> **ASSIGNMENT**:
Your answer must be an exact copy of the listing that follows, with all pictures omitted.

> **STORED DATA**:

***

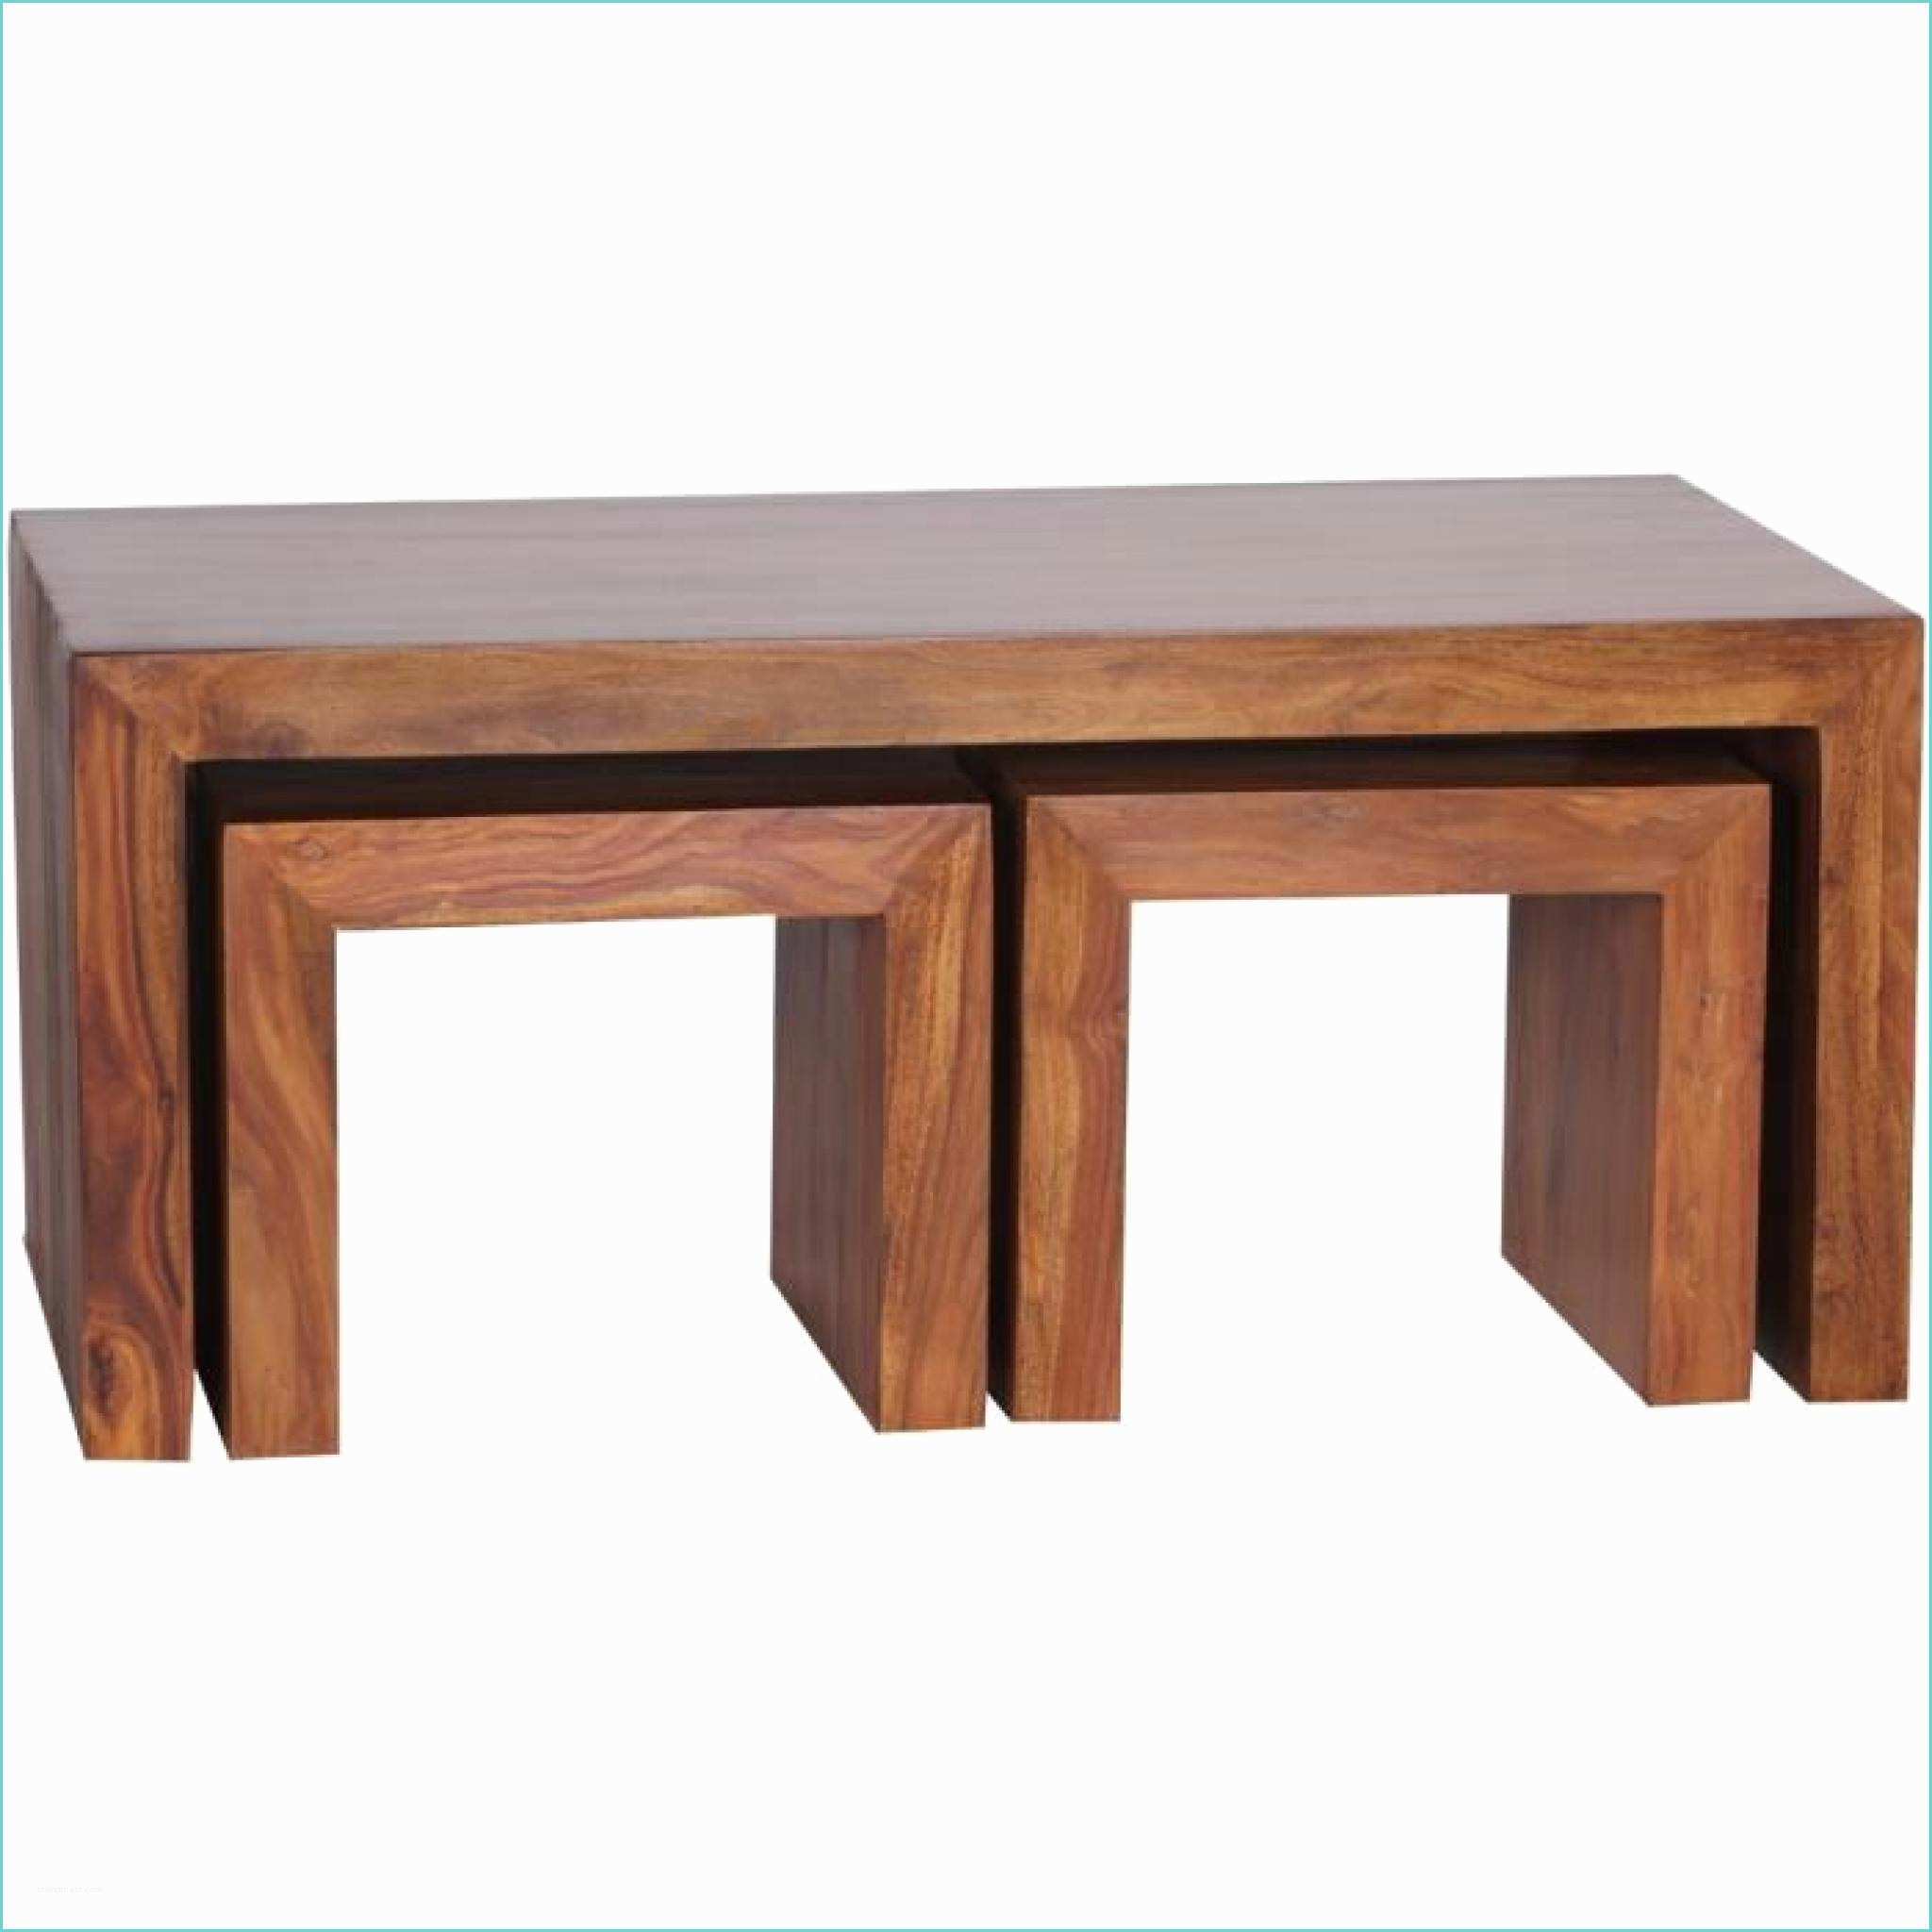 Table Basse Design Bois Table Basse Bois Massif Design – Obasinc
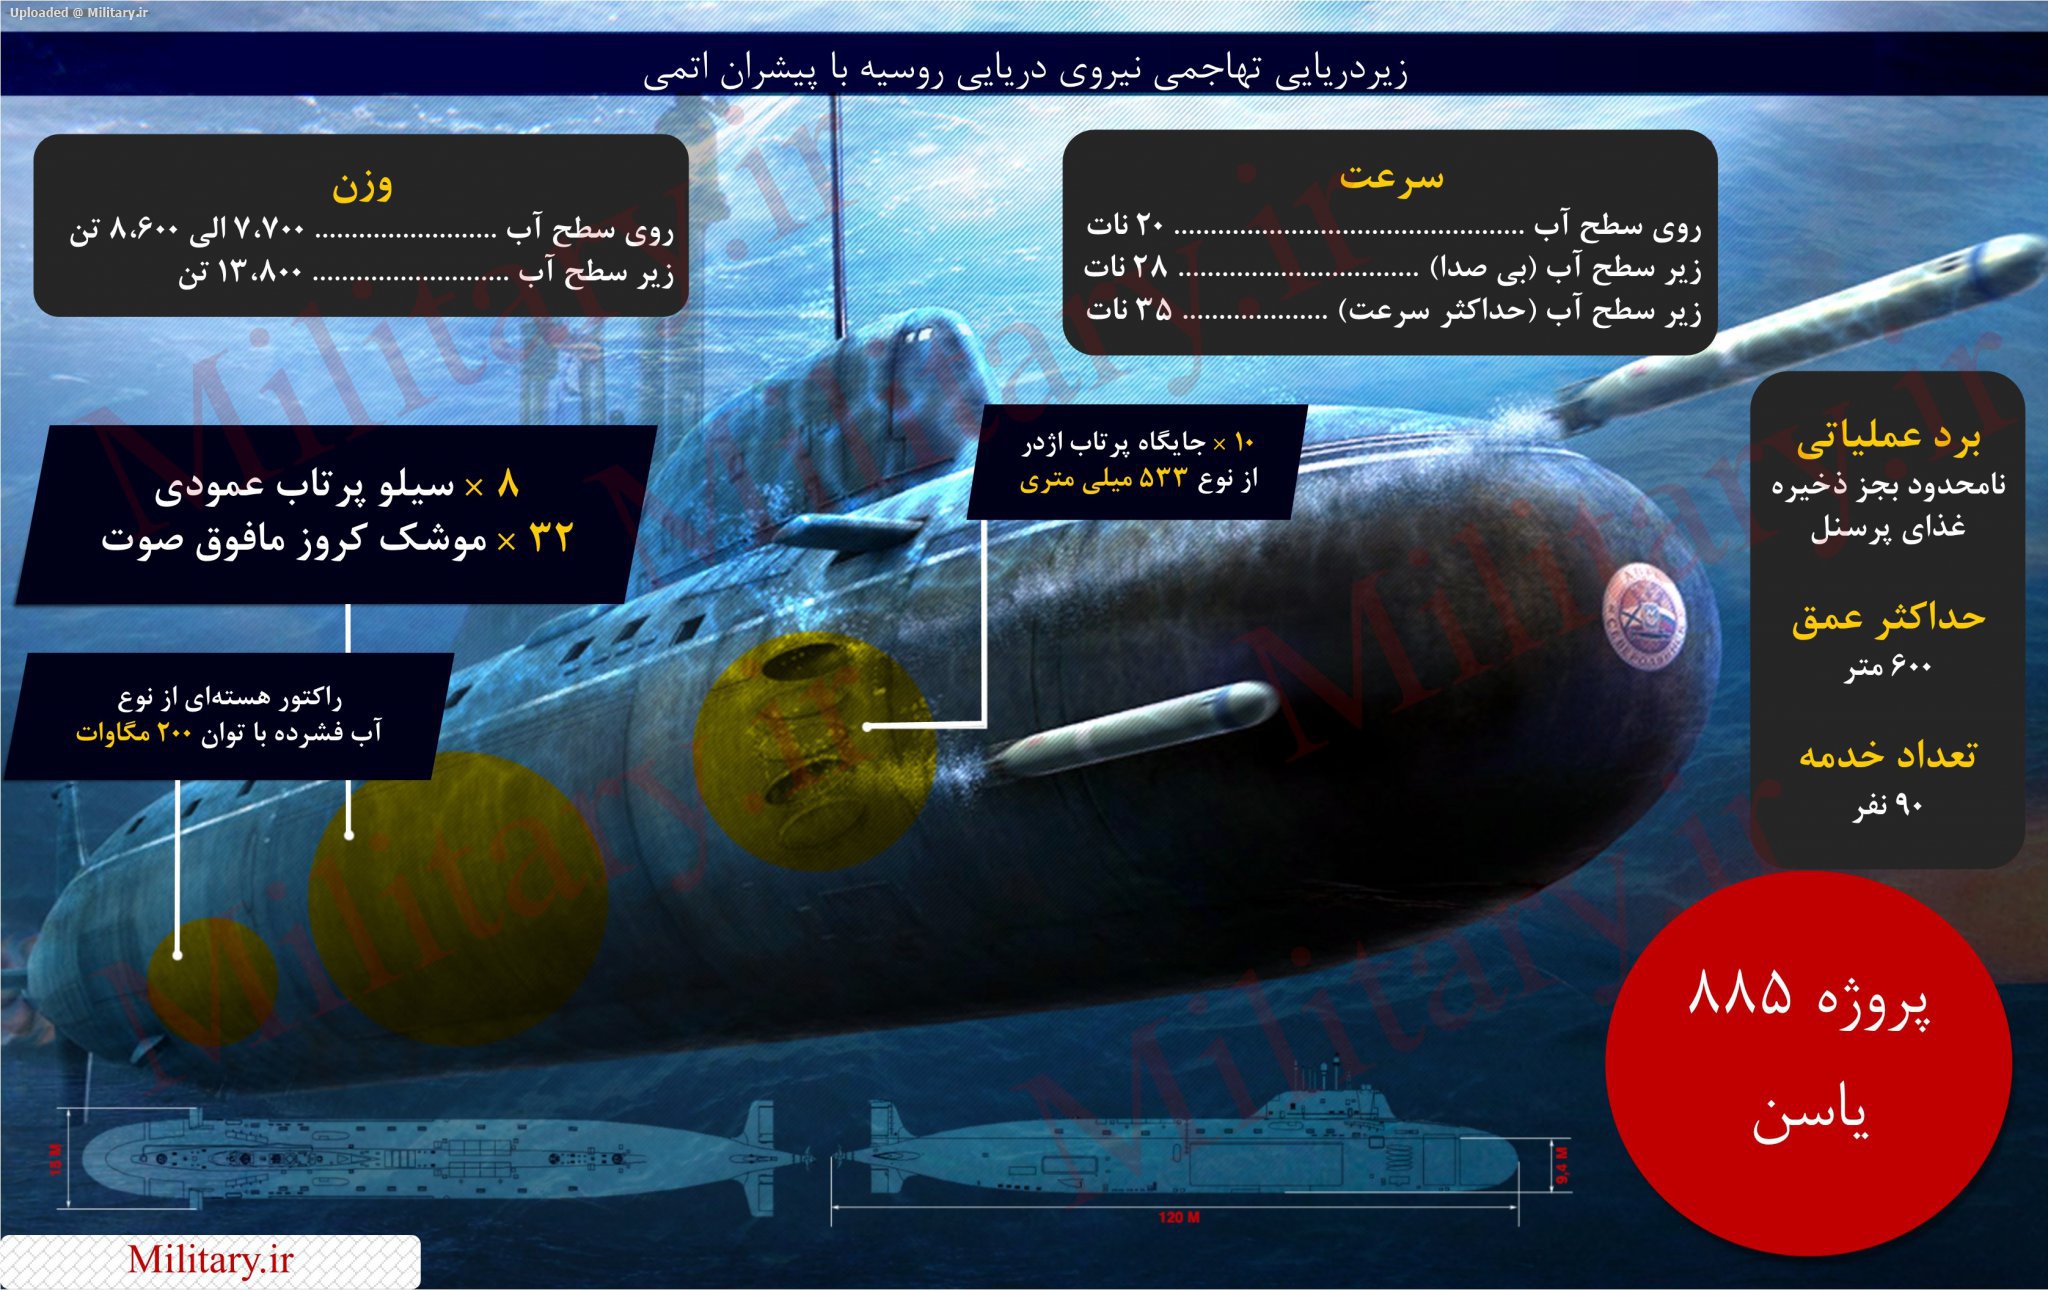 013_nuclear_submarine_military_ir.jpg
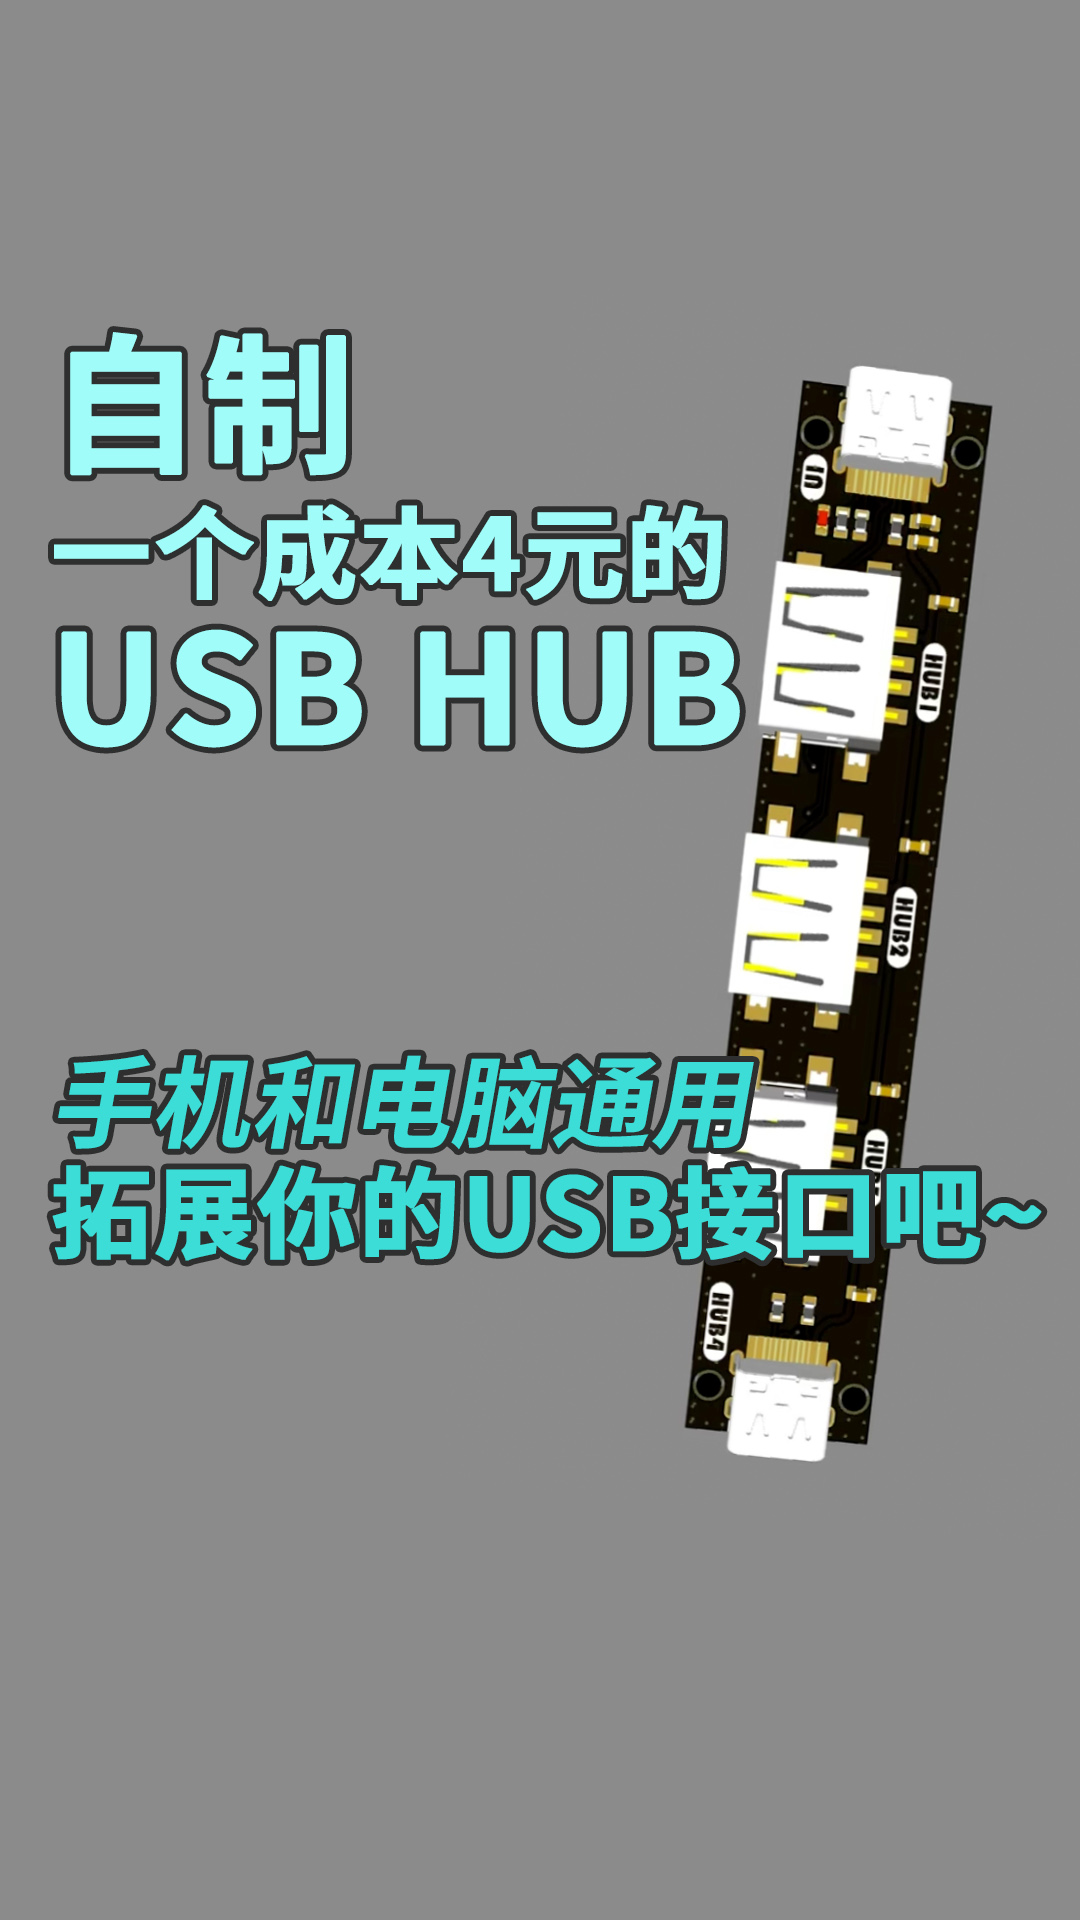 自制一個成本4元的USB HUB，手機和電腦通用，拓展你的USB接口吧~

***

> **SOLUTION FOR THIS EXERCISE**:
 Table Basse Design Bois Table Basse Bois Massif Design – Obasinc
 013_nuclear_submarine_military_ir.jpg
 自制一個成本4元的USB HUB，手機和電腦通用，拓展你的USB接口吧~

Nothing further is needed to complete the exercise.